Information System Troubleshooting Guide
Which BDII version?
This page is about BDII
v4 used on gLite
3.1. For BDII
v5 used on gLite
3.2 please refer to:
https://twiki.cern.ch/twiki/bin/view/EGEE/InfoTrouble
Troubleshooting Steps
Before attempting to troubleshoot problems with the information system, it is important to have a general
overview of the information system, in particular working knowledge of the BDII and GIP.
Information flows from the
resource level BDII to the
top level BDII via the
site level BDII. For this reason a top down approach for troubleshooting is followed.
If the information in the
top level BDII is correct then there is usually no problem. If the information is correct in the
site level BDII but not correct in the
top level BDII, then the problem is probably with the
top level BDII. Similarly, if the information is correct in the
resource level BDII but not correct in the
site level BDII, then the problem is probably with the
site level BDII.
The BDII obtains information by running the GIP. The GIP should be executed with the same user as the BDII uses. If the GIP returns the information correctly the problem is with the BDII, otherwise the problem is in the GIP.
If the problem is with the BDII, check the BDII log file for error messages. The BDII stores the output from querying the different URLs in the BDIIs temporary directory with a file having the name for this URL. This file can be checked to see if the problem is with query or inserting the result into the BDII.

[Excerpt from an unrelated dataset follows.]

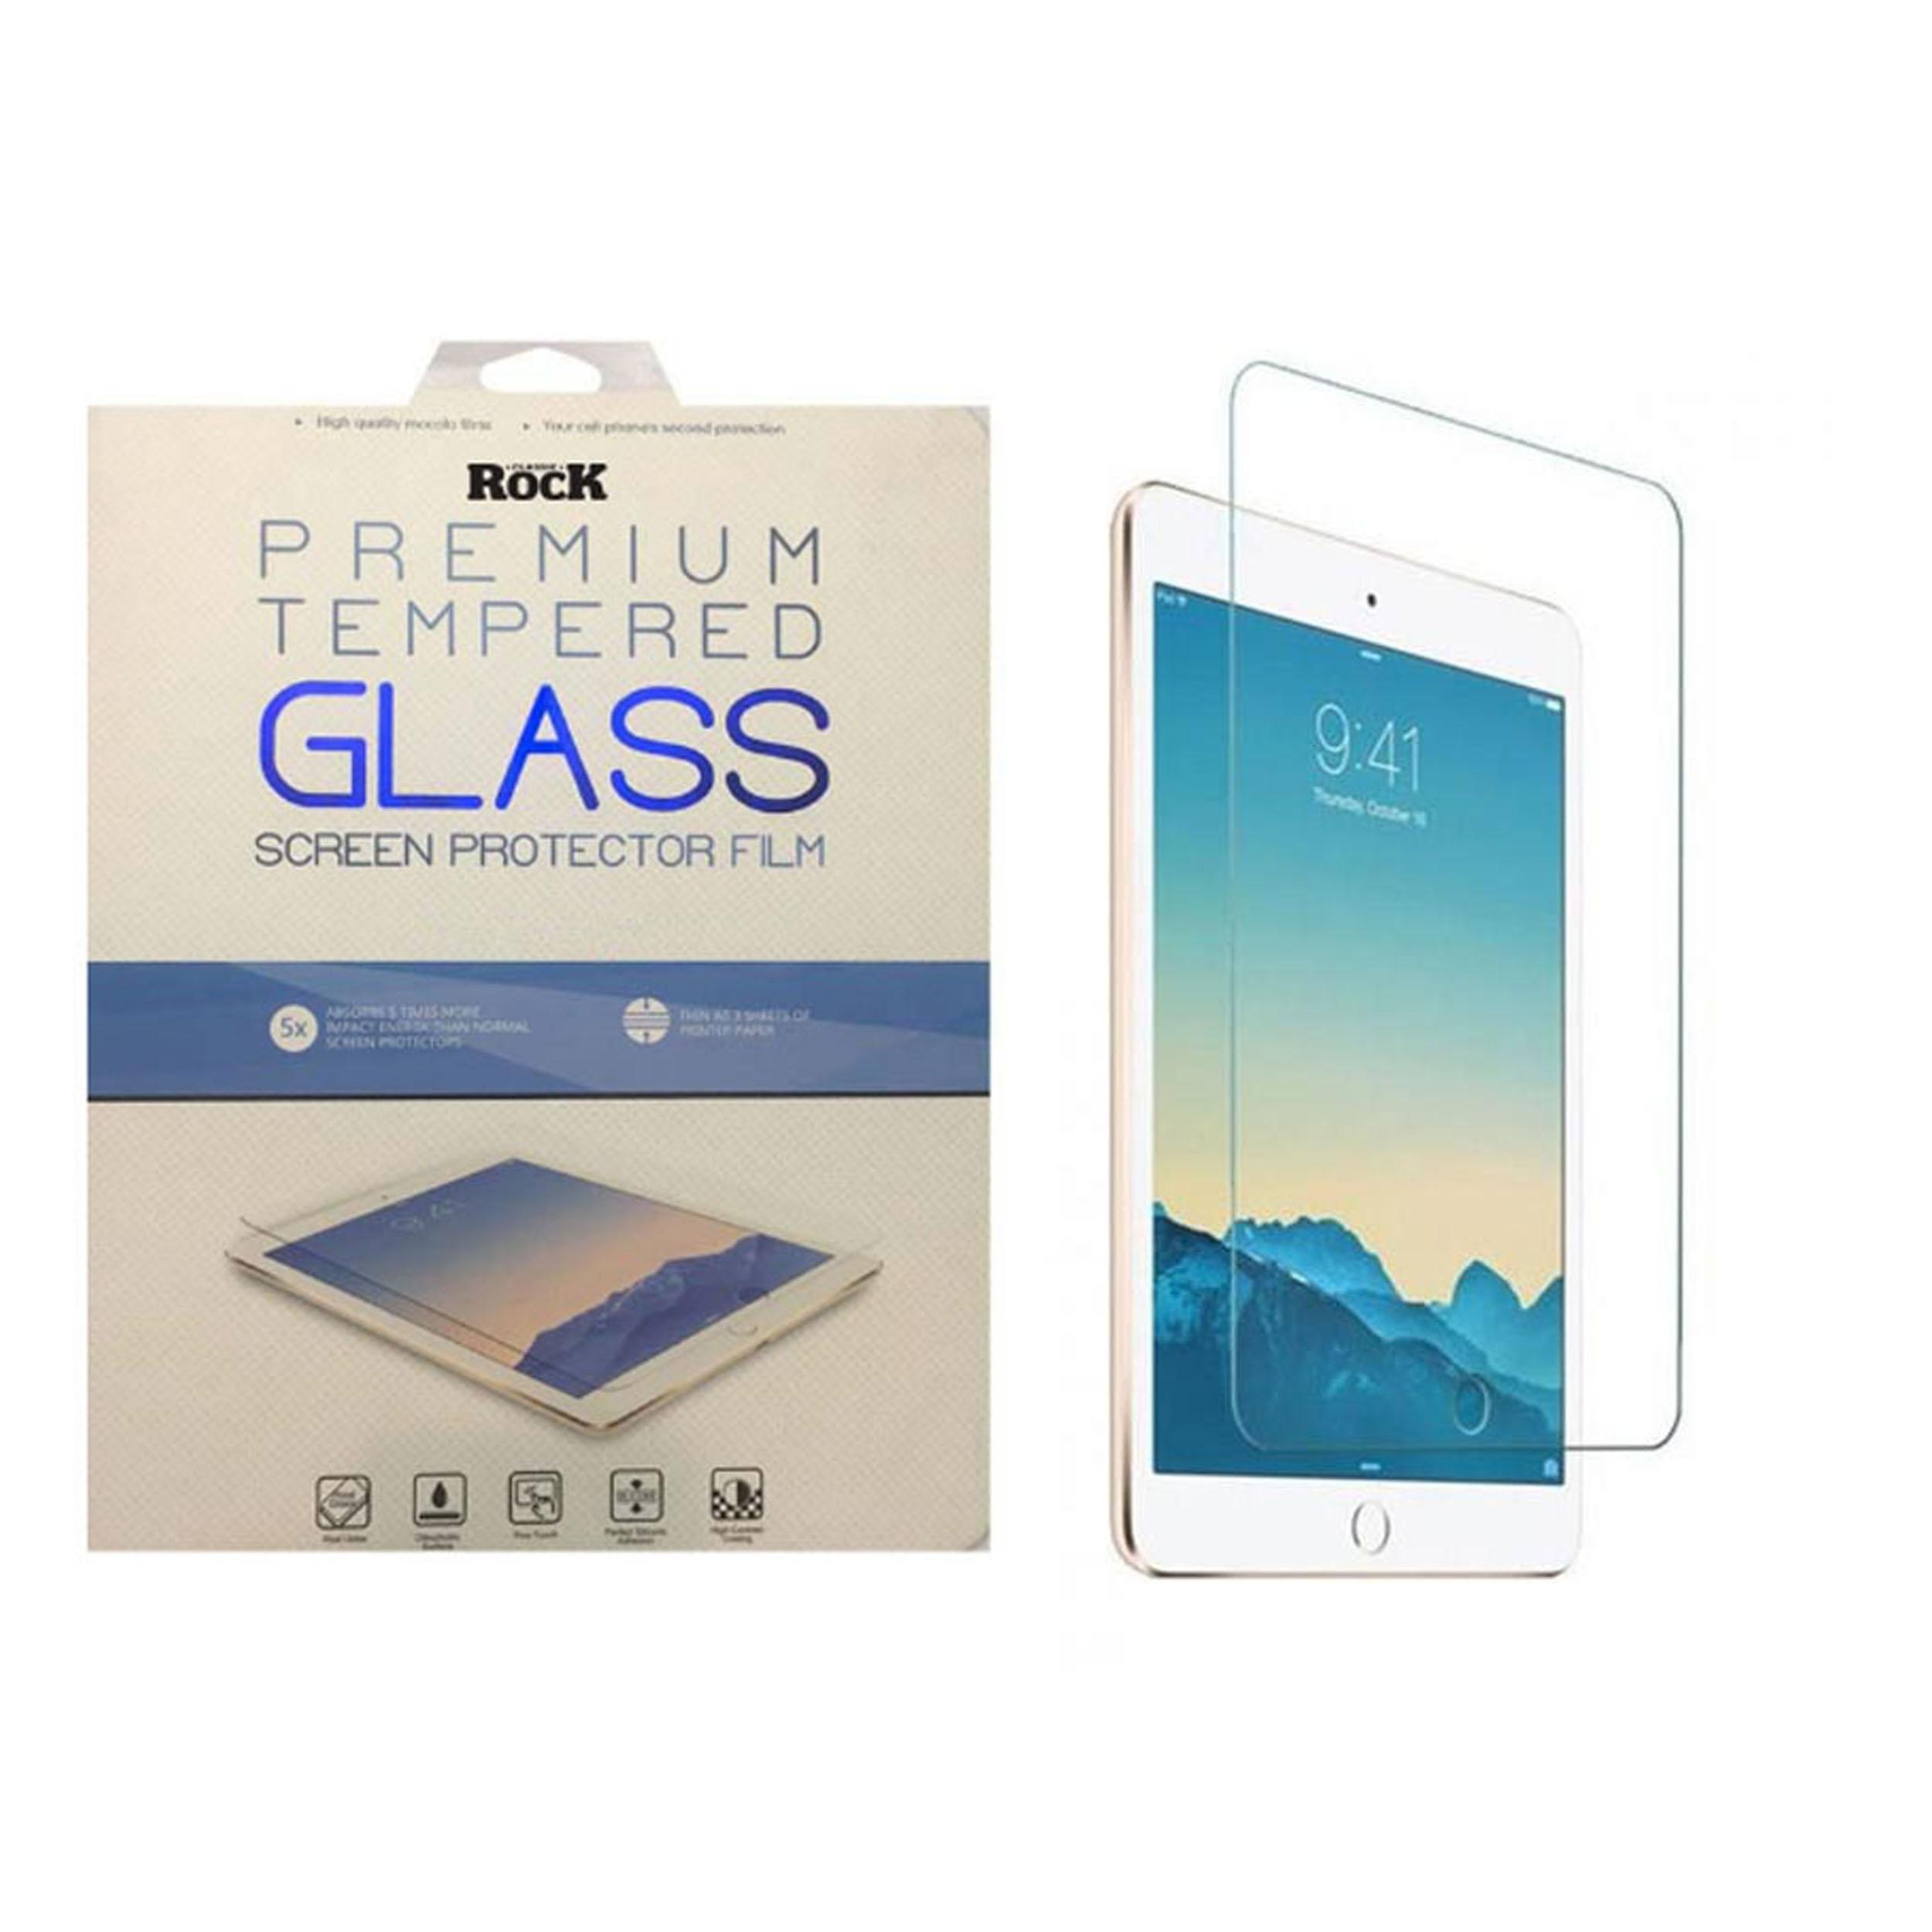 محافظ صفحه نمایش مدل RCL01 مناسب برای تبلت اپل iPad Pro 10.5 Inch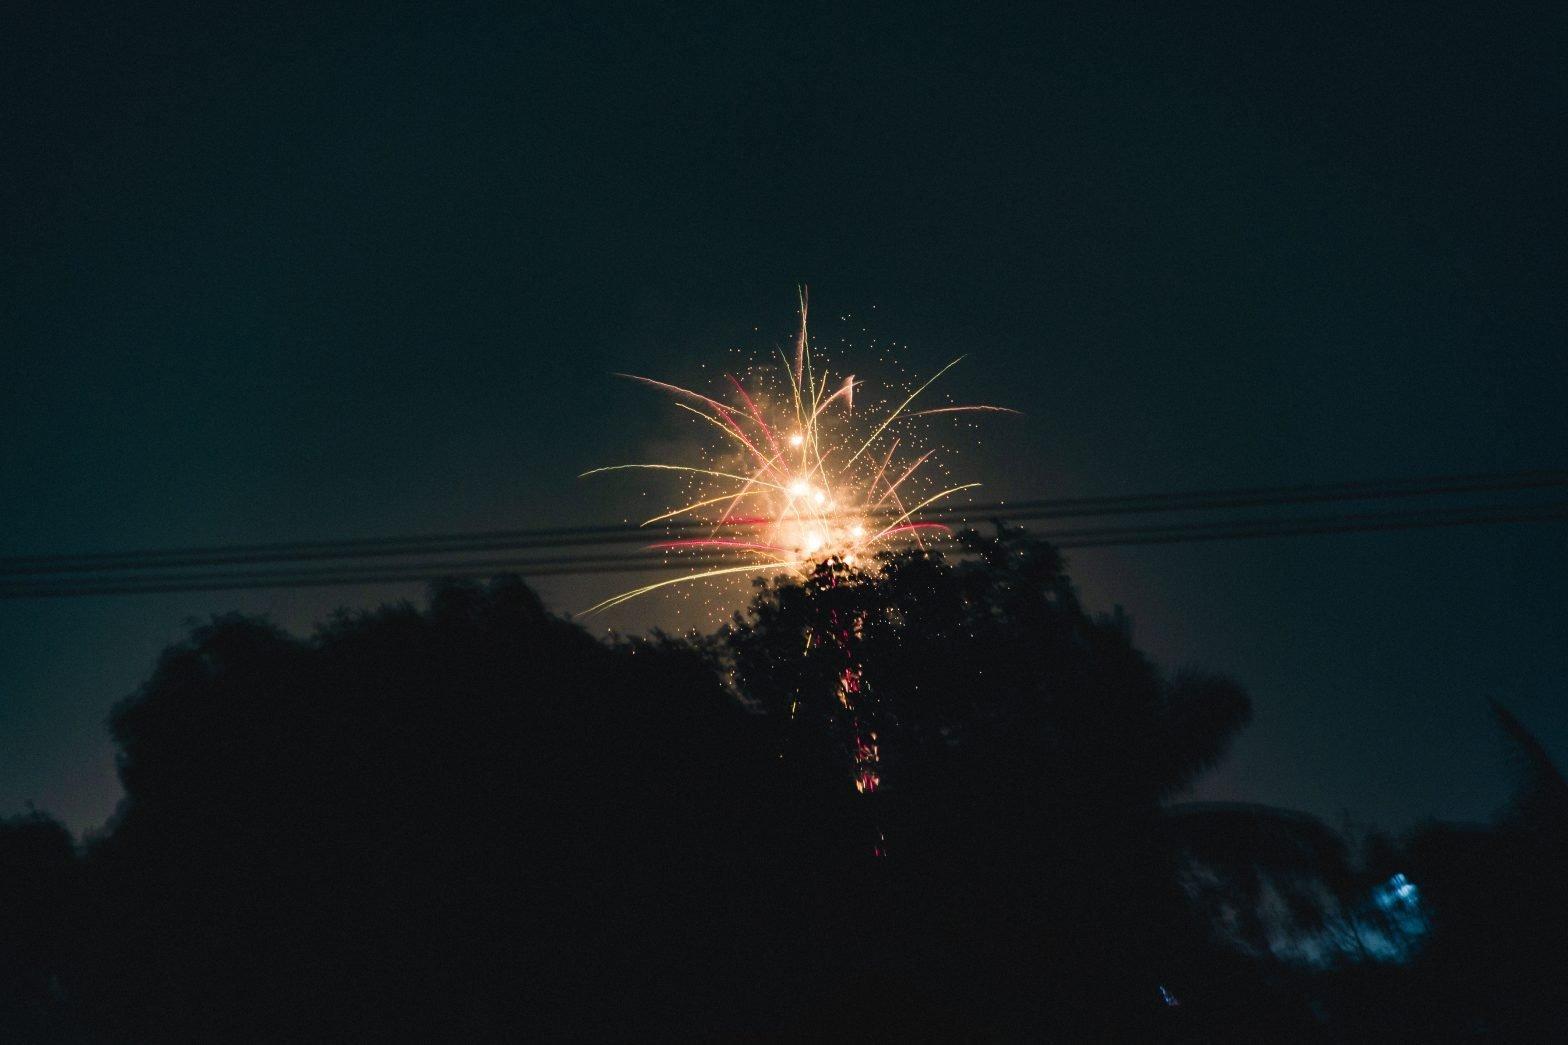 NYE 2019 Fireworks

If the problem is with the GIP, check that all the providers and plugins used by the GIP are running correctly. It is important to run these with the same user as the BDII uses to spot permission problems. The GIP stores the output from these in the GIP cache directory with a file having name of the provider/plugin. This file can be checked to see if the problem is with running the providers/plugins or with the GIP itself.
Common Problems
BDII fails to start
If the BDII fails to start, this could be an underlying problem with the LDAP database. Try to start the
slapd server with the default
slapd.conf file.
/usr/sbin/slapd -f /etc/openldap/slapd.conf -d 255
If this fails, there is a problem with the LDAP installation. Note that this has been experienced when using virtual machines. To solve this problem online forums related to the LDAP and the OS distribution can be useful.
If the LDAP installation has been verified, the
slapd.conf file used by the BDII should be tested.
/usr/sbin/slapd -f /opt/bdii/var/2171/bdii-slapd.conf -d 255
If this fails there is a problem with the BDII slapd.conf file.
Unable to initialize mutex Error
There were reports about the following error:
...
bdb_db_init: Initializing BDB database
bdb(o=grid): unable to initialize mutex: Function not implemented
bdb(o=grid): /opt/bdii/var/2171/__db.001: unable to initialize environment lock: Function not implemented
...
This issue may be fixed using the FAQ provided by Oracle :
http://www.oracle.com/technology/products/berkeley-db/faq/db_faq.html#12
Entry's missing in the BDII
If invalid LDIF is produced, then the entry will be rejected when it is being inserted in to the LDAP database. Rejected entries will be recorded in the BDII log file.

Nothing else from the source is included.